Metabolic Discovery Technology Group, Molecular Discovery Research, GlaxoSmithKline, 5 Moore Drive, Research Triangle Park, NC 27709, USA.
PPAR Res. 2011;2011:179454. doi: 10.1155/2011/179454. Epub 2011 Oct 15.

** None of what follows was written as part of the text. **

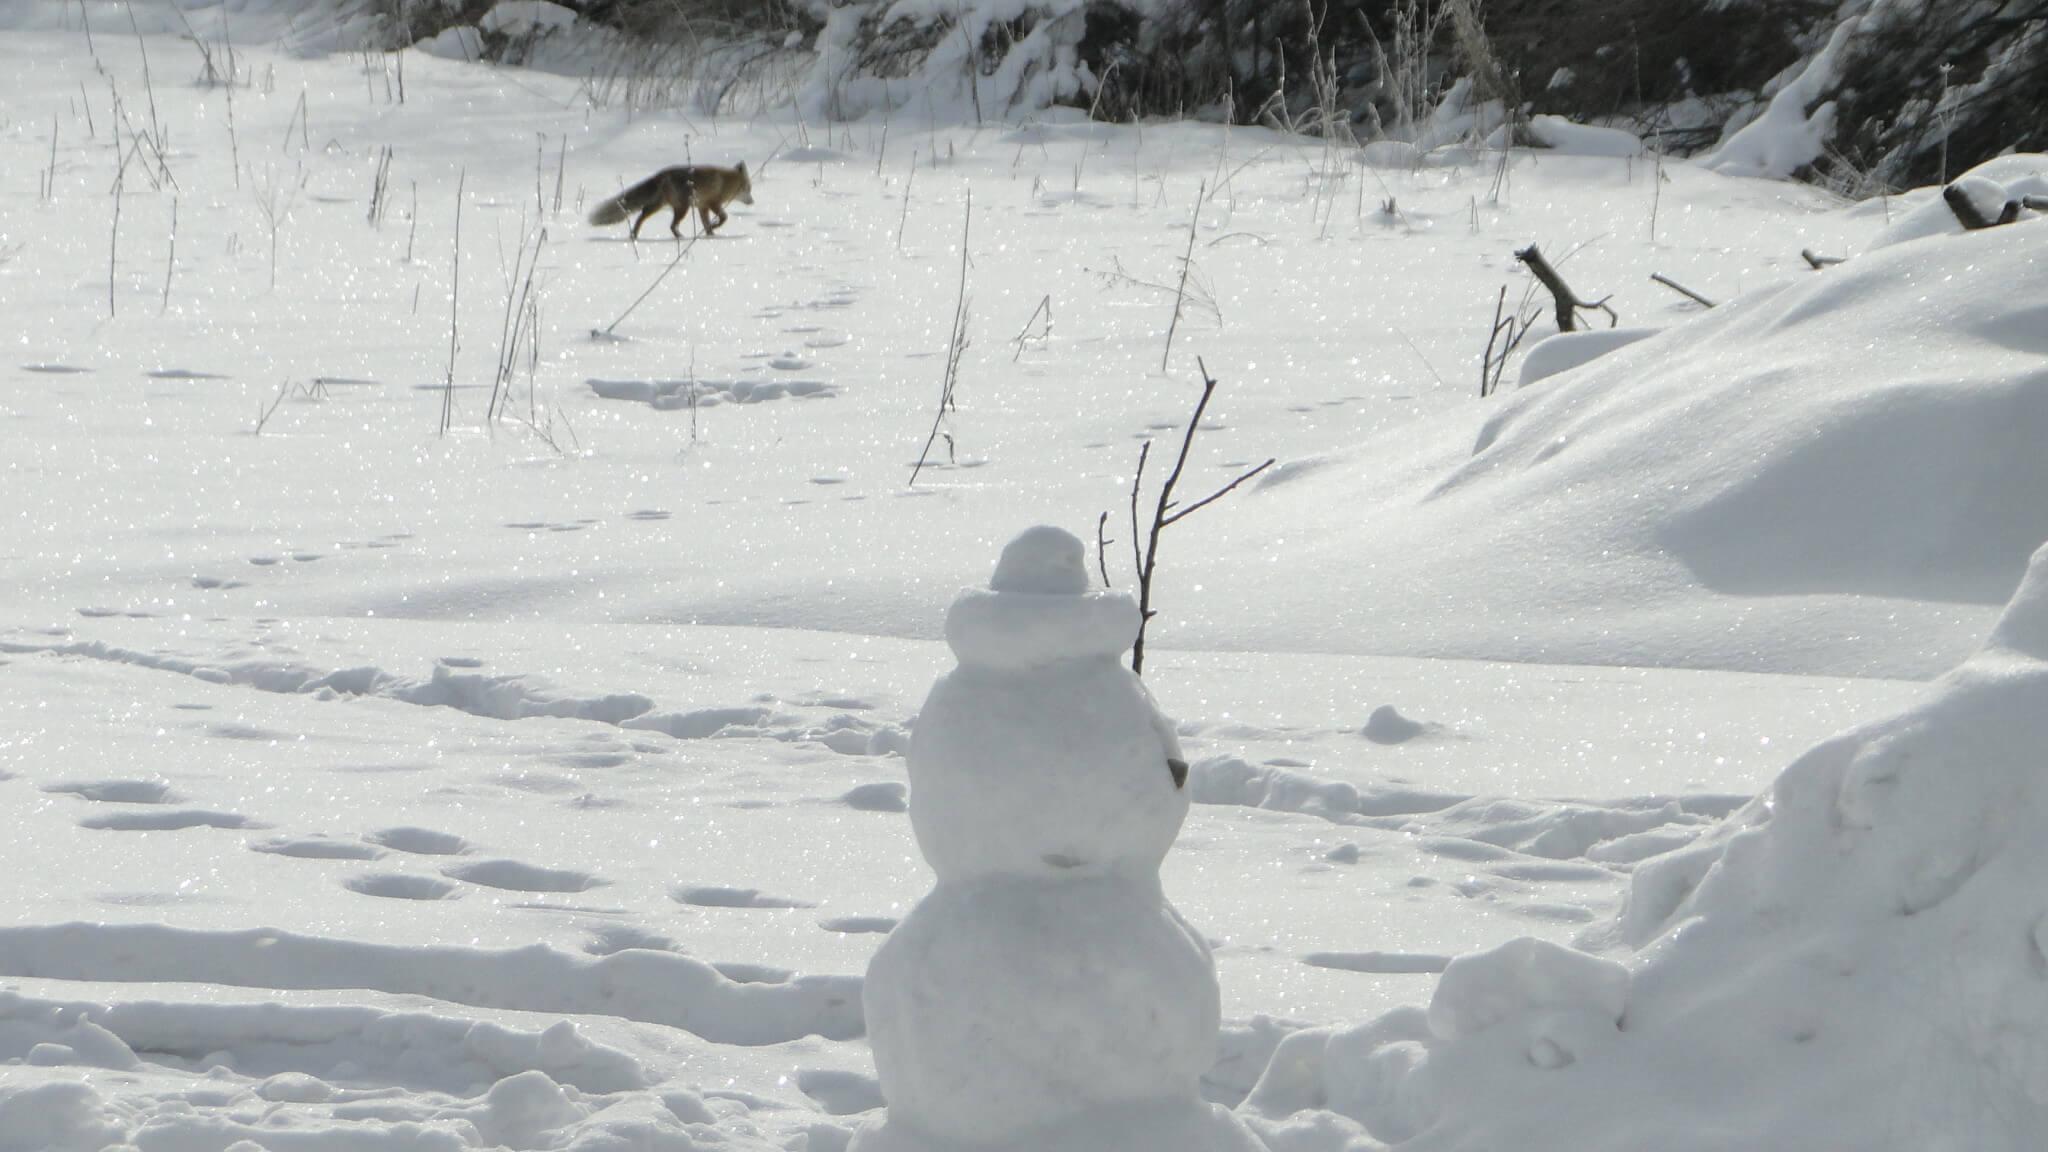 Lutowa zima - śnieżna i mroźna 21

Growing evidence indicates that PPARγ agonists, including rosiglitazone (RSG), induce adipose mitochondrial biogenesis. By systematically analyzing mitochondrial gene expression in two common murine adipocyte models, the current study aimed to further establish the direct role of RSG and capture temporal changes in gene transcription. Microarray profiling revealed that in fully differentiated 3T3-L1 and C3H/10T1/2 adipocytes treated with RSG or DMSO vehicle for 1, 2, 4, 7, 24, and 48 hrs, RSG overwhelmingly increased mitochondrial gene transcripts time dependently. The timing of the increases was consistent with the cascade of organelle biogenesis, that is, initiated by induction of transcription factor(s), followed by increases in the biosynthesis machinery, and then by increases in functional components. The transcriptional increases were further validated by increased mitochondrial staining, citrate synthase activity, and O(2) consumption, and were found to be associated with increased adiponectin secretion. The work provided further insight on the mechanism of PPARγ-induced mitochondrial biogenesis in differentiated adipocytes.
越来越多的证据表明,过氧化物酶体增殖物激活受体γ(PPARγ)激动剂,包括罗格列酮(RSG),可诱导脂肪组织中线粒体的生物发生。通过系统分析两种常见的鼠脂肪细胞模型中的线粒体基因表达,本研究旨在进一步确立 RSG 的直接作用,并捕捉基因转录的时间变化。微阵列分析显示,在经 RSG 或 DMSO 溶剂处理 1、2、4、7、24 和 48 小时的完全分化的 3T3-L1 和 C3H/10T1/2 脂肪细胞中,RSG 时间依赖性地极大地增加了线粒体基因转录物。增加的时间与细胞器生物发生的级联一致,即由转录因子的诱导开始,随后是生物合成机制的增加,然后是功能成分的增加。通过增加的线粒体染色、柠檬酸合酶活性和 O(2)消耗进一步验证了转录增加,并发现与脂联素分泌增加有关。这项工作为分化脂肪细胞中 PPARγ 诱导的线粒体生物发生的机制提供了进一步的见解。